▶ _GIVEN MATERIAL_:

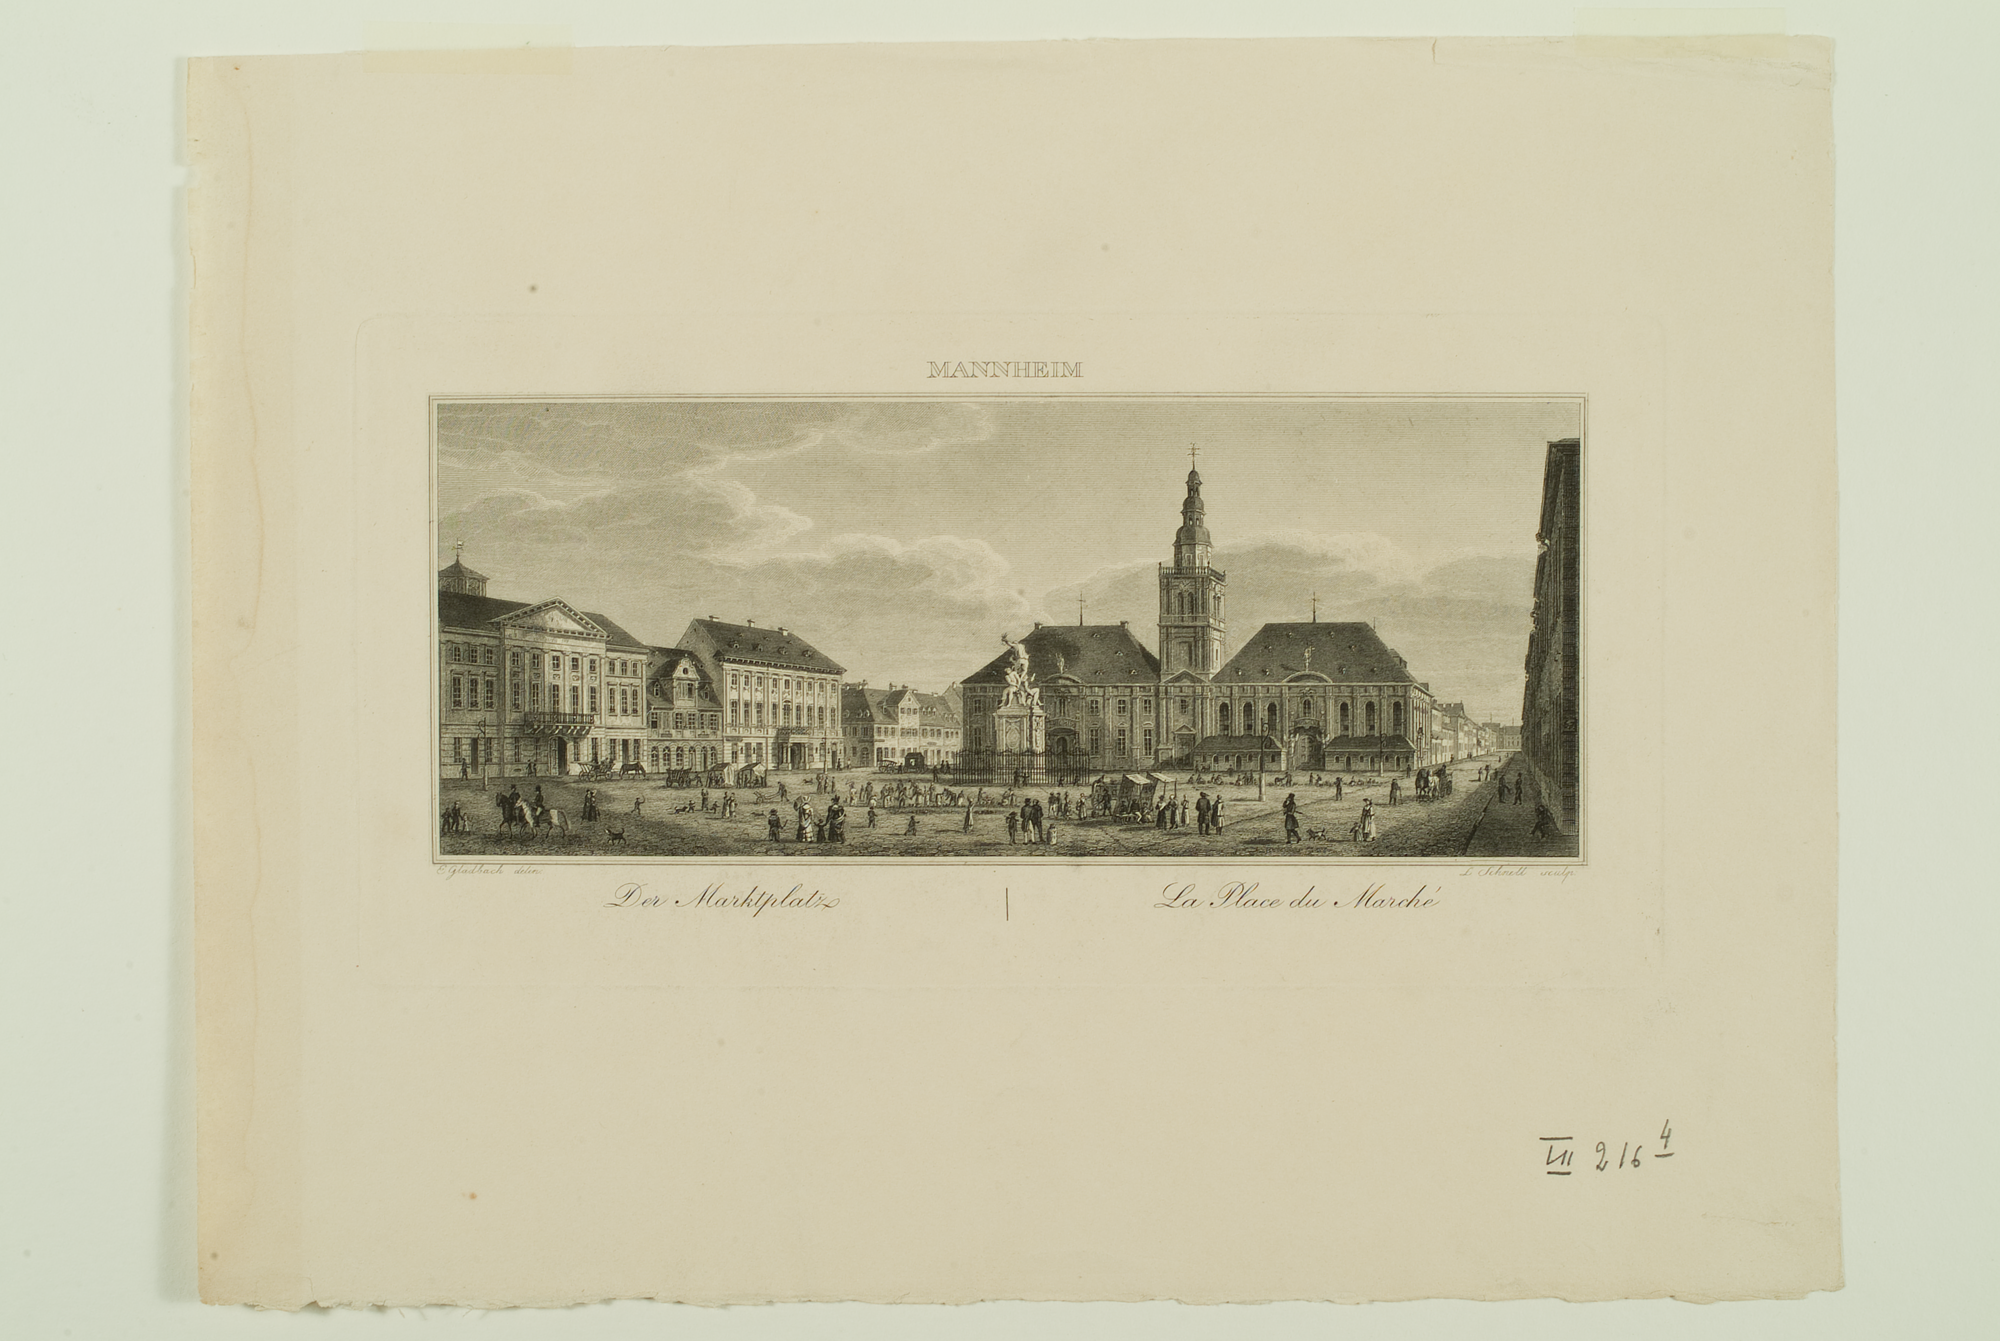 Marktplatz (Quelle: Bildindex der Kunst und Architektur)
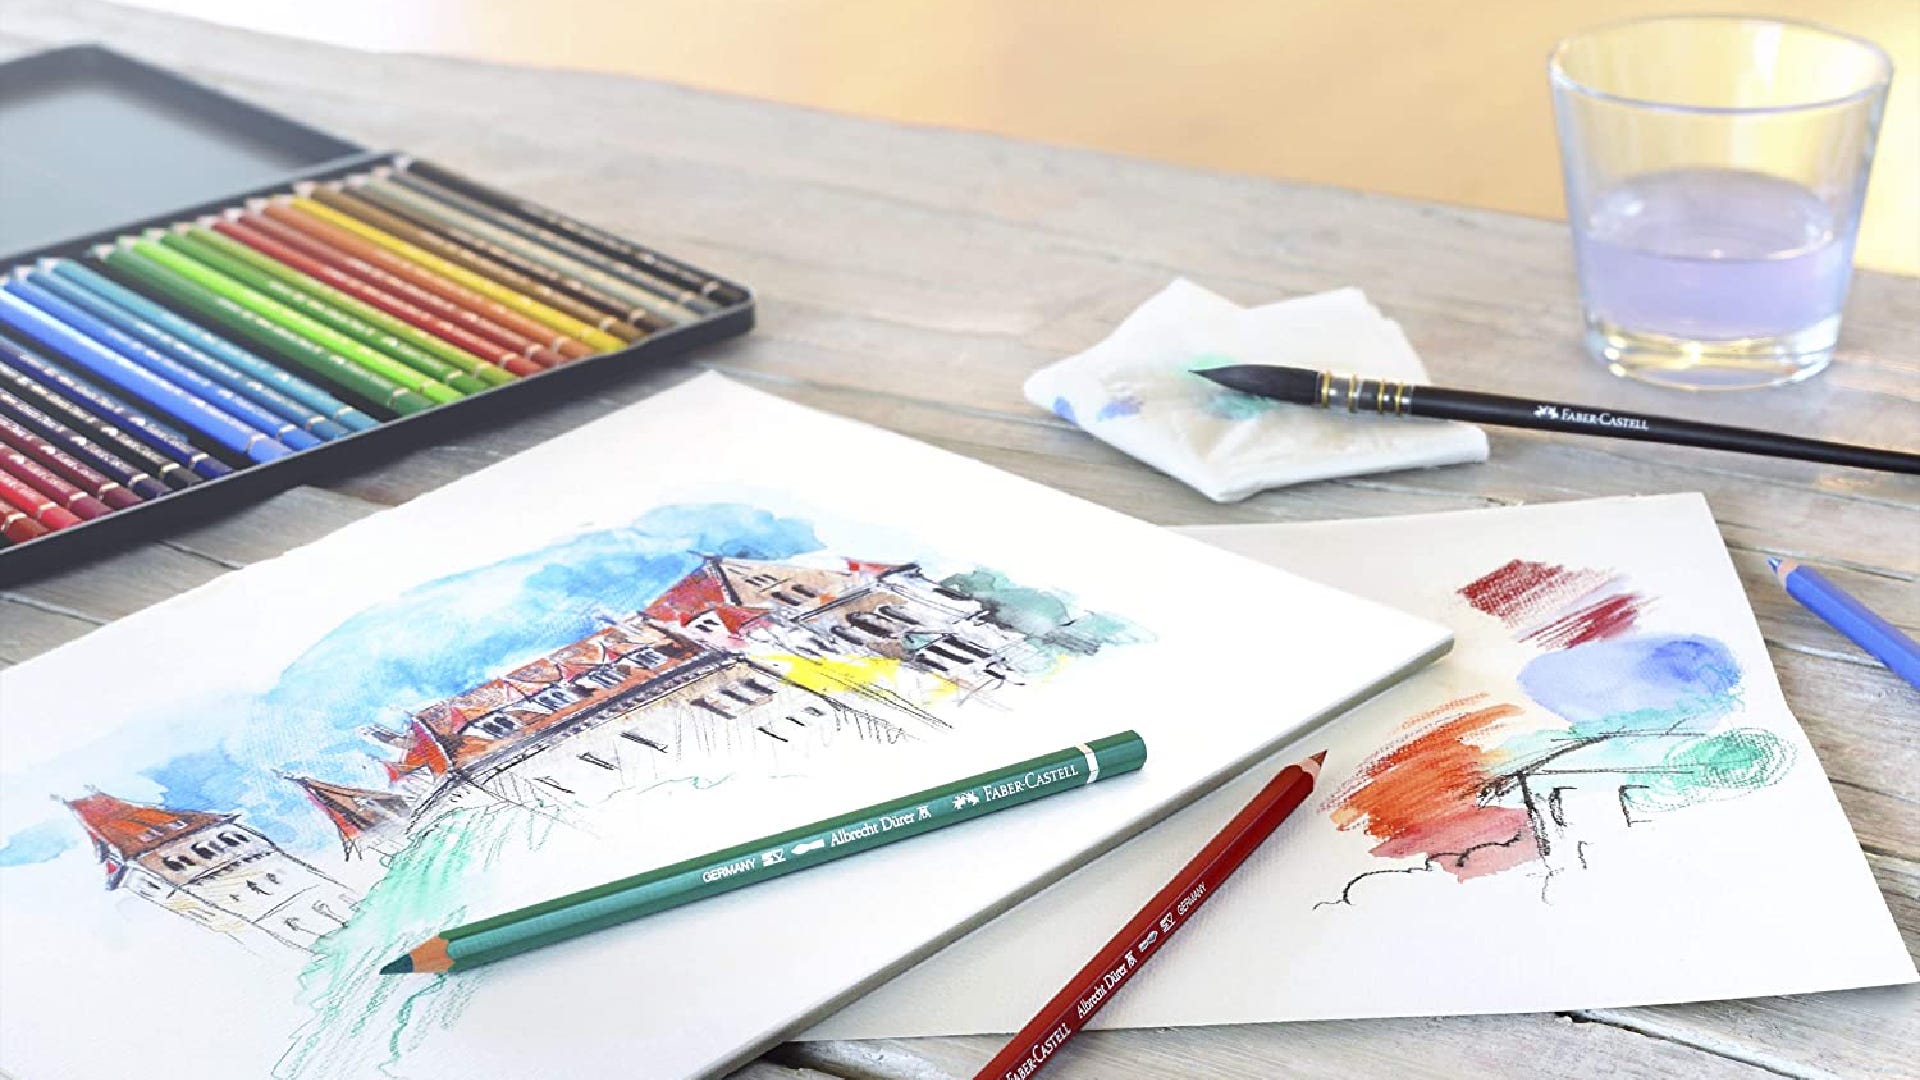 Les meilleurs crayons aquarelle pour le dessin et la peinture
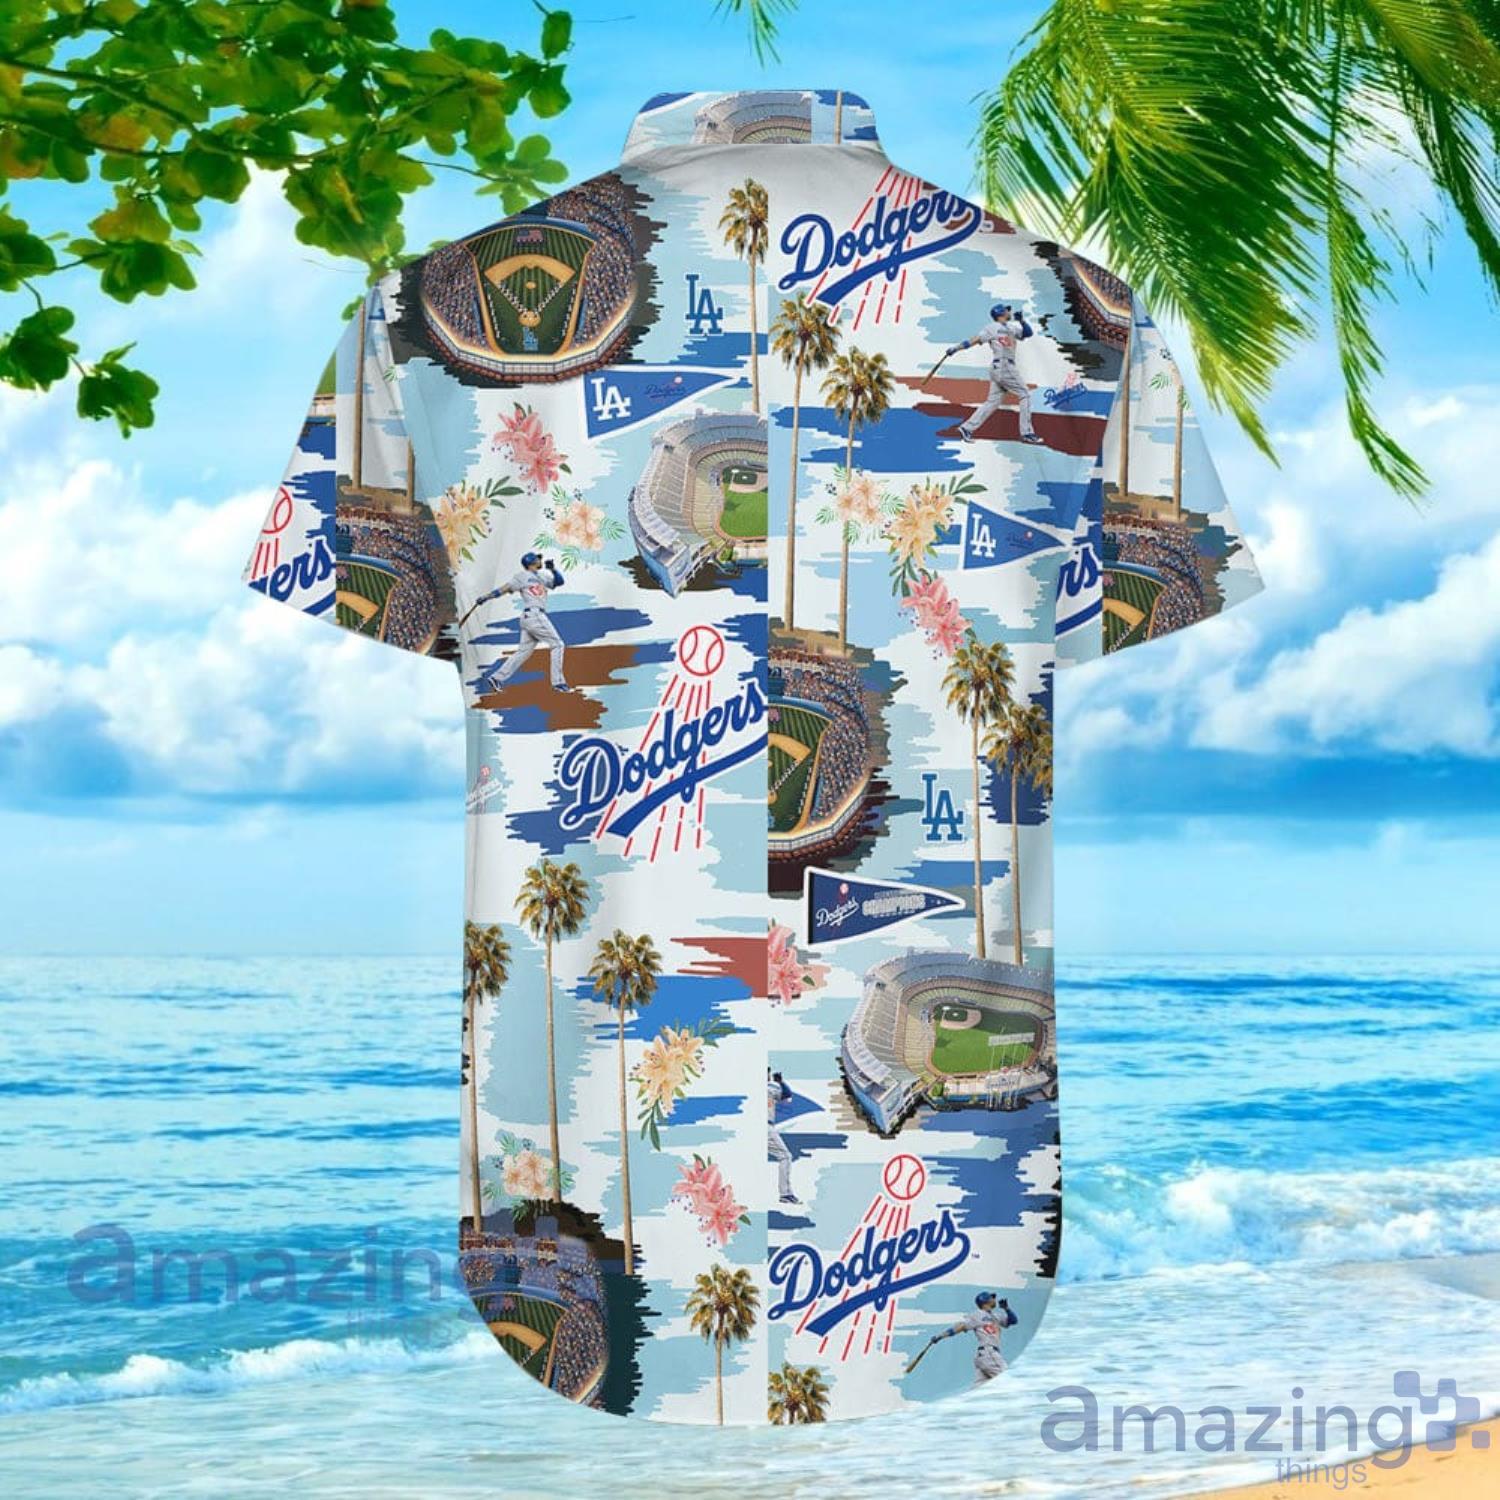 Dodgers Hawaiian Shirt LA Dodgers Blue Trees Hawaiian Shirt
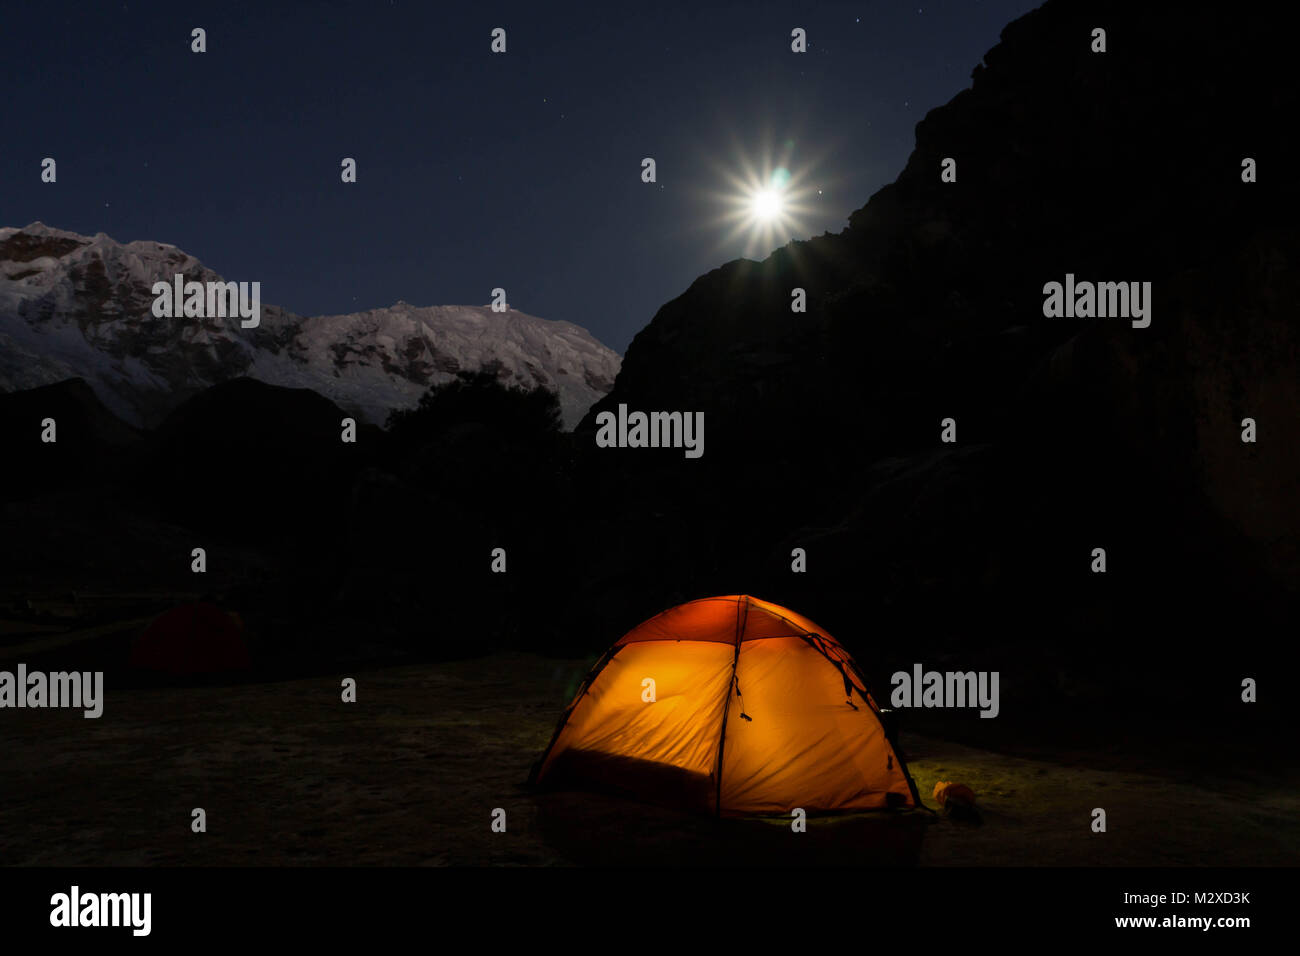 Sous une pleine lune dans un paysage de montagnes avec une orange tente dans l'avant-plan Banque D'Images

▶ _PROBLEM DETAILS_: Please retype the listing in full, exactly as given, and skip every image.

▶ _THE ANSWER_:
 Marktplatz (Quelle: Bildindex der Kunst und Architektur)
 Les meilleurs crayons aquarelle pour le dessin et la peinture
 Dodgers Hawaiian Shirt LA Dodgers Blue Trees Hawaiian Shirt
 Sous une pleine lune dans un paysage de montagnes avec une orange tente dans l'avant-plan Banque D'Images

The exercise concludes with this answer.